И вот теперь я, пожалуй, могу сказать: книги Бианки были моим букварём. Человек не учится у букваря всю жизнь, но это первая и самая главная книга любого из нас. И кто знает, не повстречай я случайно сорок лет назад весёлого и доброго человека в странной куртке и пупырчатой кепке, с тёплыми и добрыми руками, как бы сложилась моя судьба.
Я это знаю наверняка
Чуковский, наверное, приезжал тогда в «Пенаты» — дом-музей И. Е. Репина, а может быть, в посёлок, бывшую Куоккалу, в которой протекали многие годы его жизни. И уж потом его упросили выступить в детском садике. Весть об этом перелетела через высоченный забор, за которым был наш пионерский лагерь, куда меня отправляли отдыхать каждое лето.
Это я понимаю теперь, много лет спустя, а тогда, десятилетним пионером, я просто страшно завидовал малявкам!
Дело в том, что до этого я Чуковского никогда не видел даже на фотографиях, да, собственно, и книжек-то его в руках не держал. Время было послевоенное, детским книжкам было туго.

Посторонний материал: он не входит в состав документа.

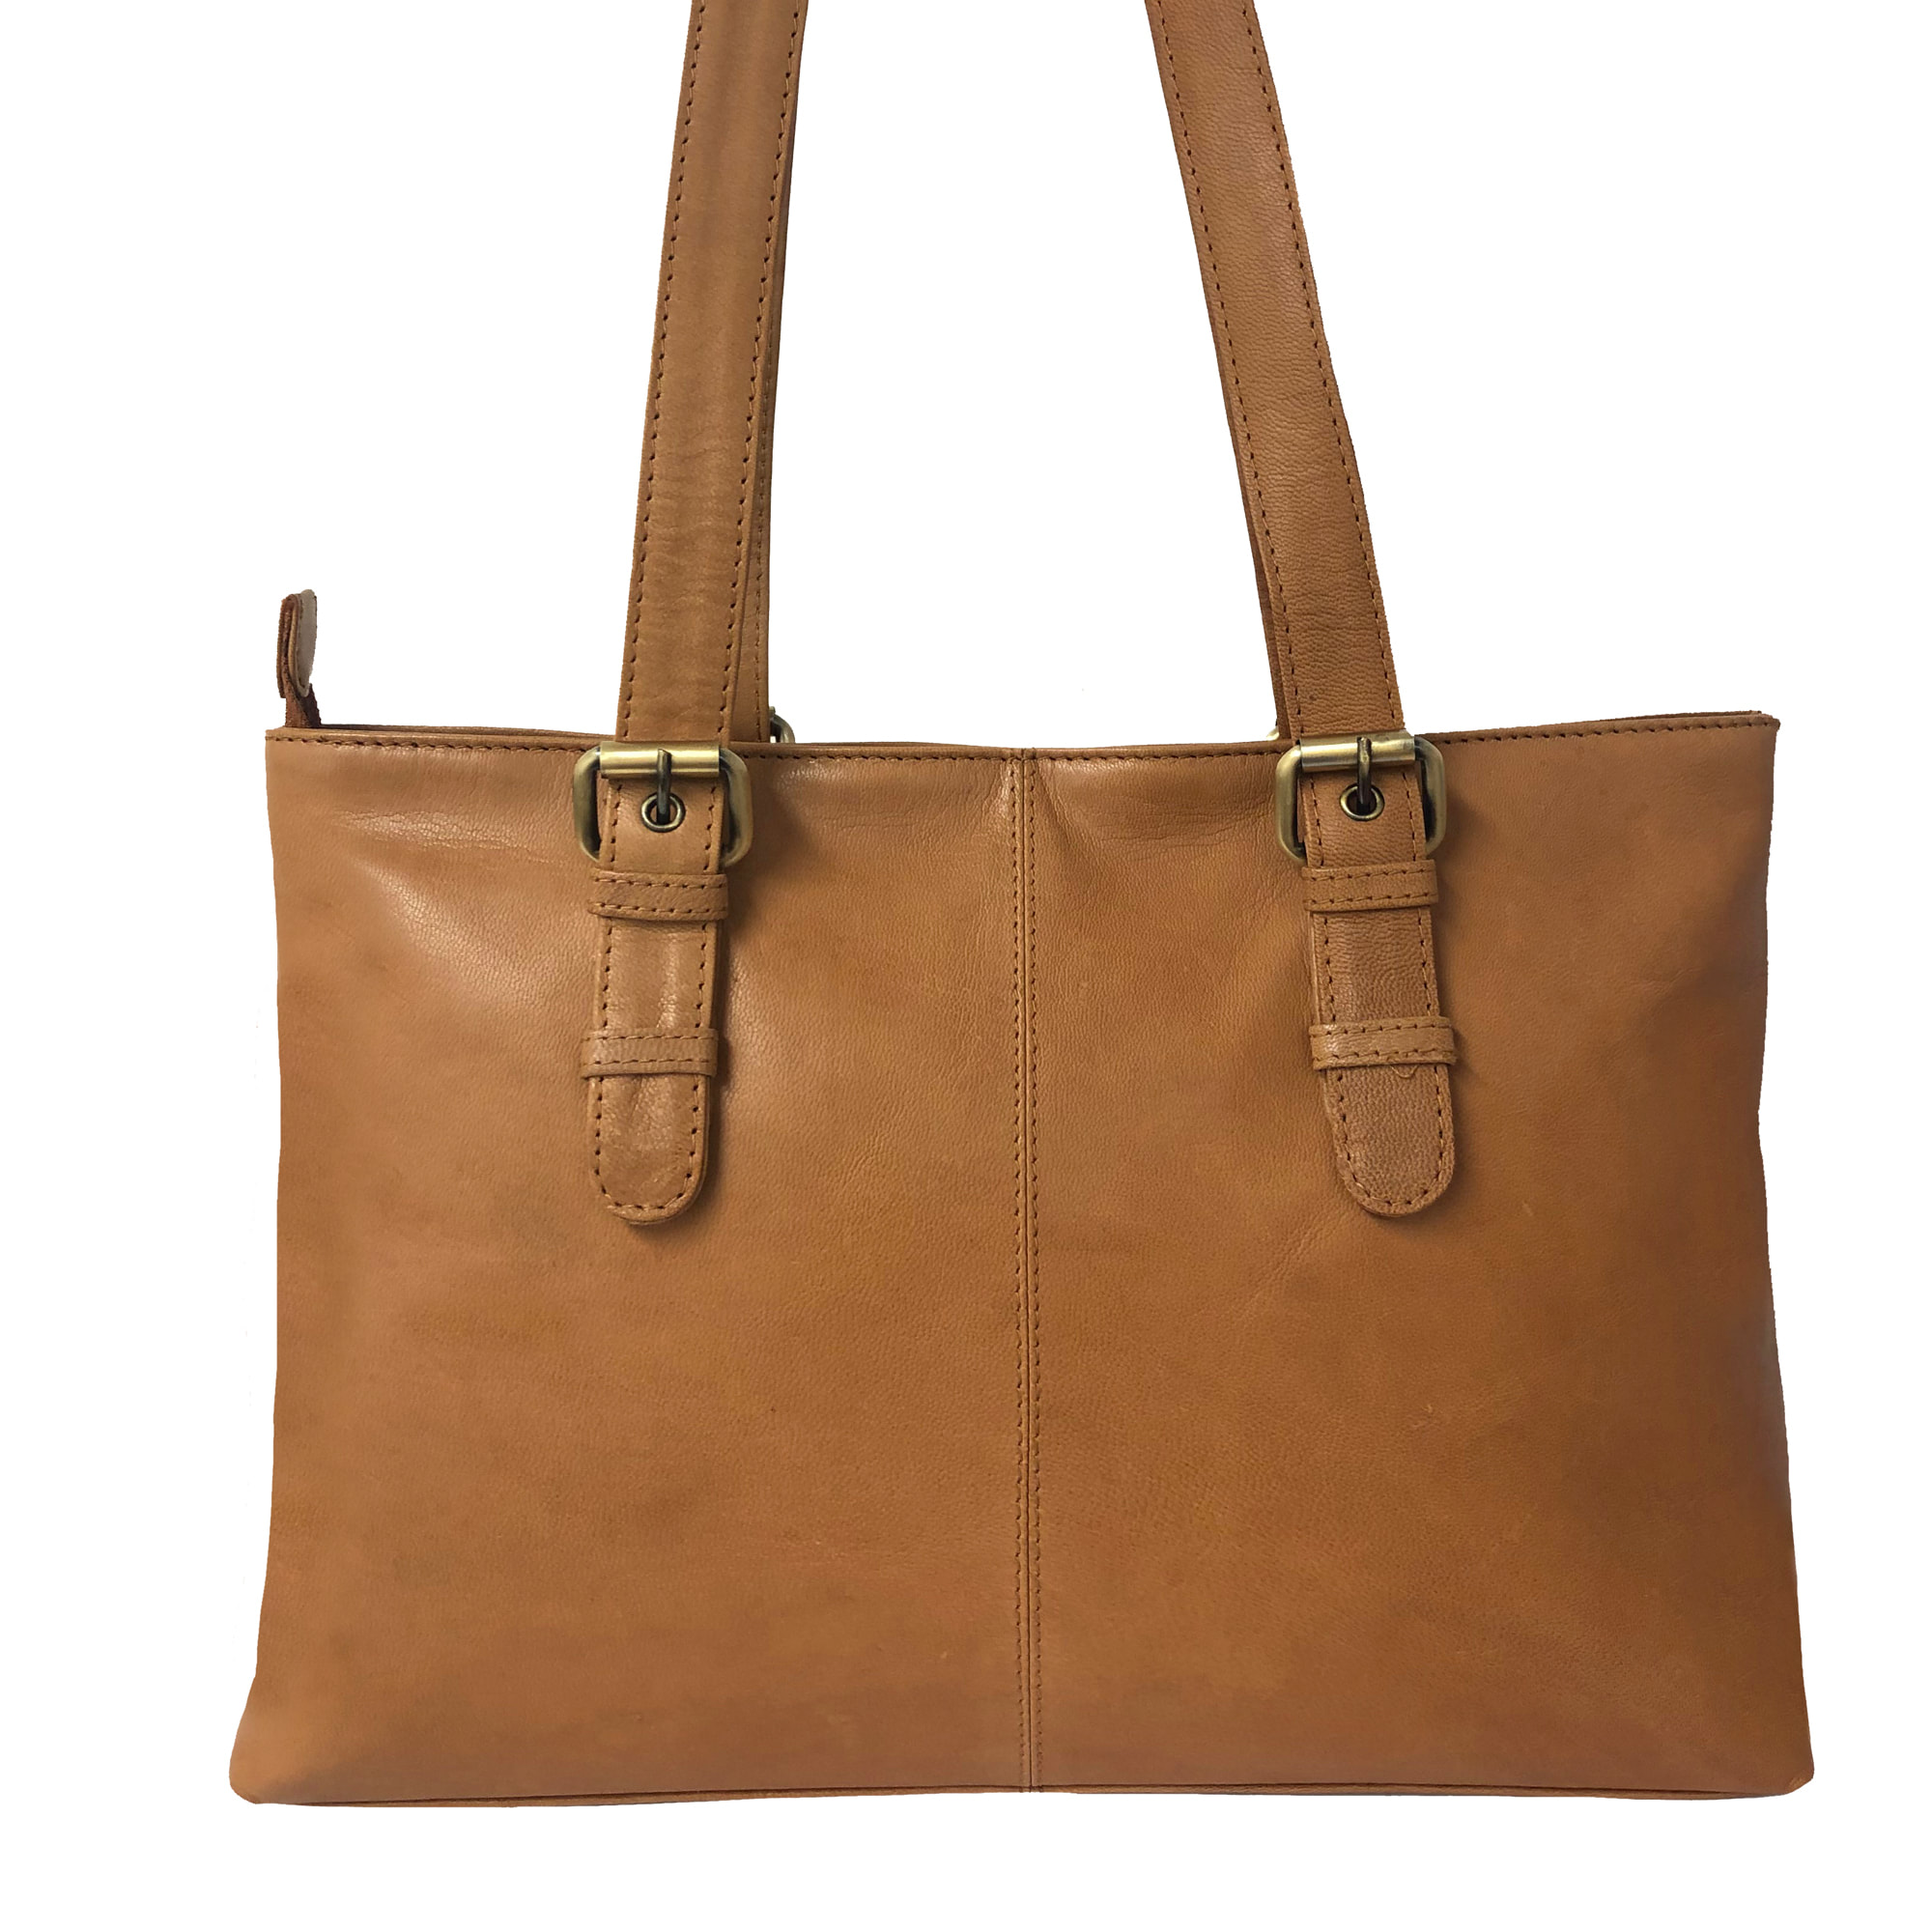 Rowallan Tan Leather Shoulder Bag, Work Bag - SALE

Но стихи Корнея Ивановича я знал прекрасно и голос его, благодаря радио, легко различил бы среди тысяч других. Радио во многом тогда восполняло нам отсутствие книг и библиотек.
В пять лет я уже был способен в доступных моему возрасту пределах оценить юмор. «И ставит и ставит им градусники!» Меня, сына медсестры, особенно веселило это главное средство доктора Айболита от всех болезней. Мама брала меня в больницу в своё хирургическое отделение, когда меня не с кем было оставить дома, и о болезнях и страданиях я знал немного больше, чем мои сверстники. Айболит же и до сих пор остаётся для меня самым уважаемым литературным героем, потому что я встречал таких докторов в жизни, настоящих коллег Айболита — ветеринаров.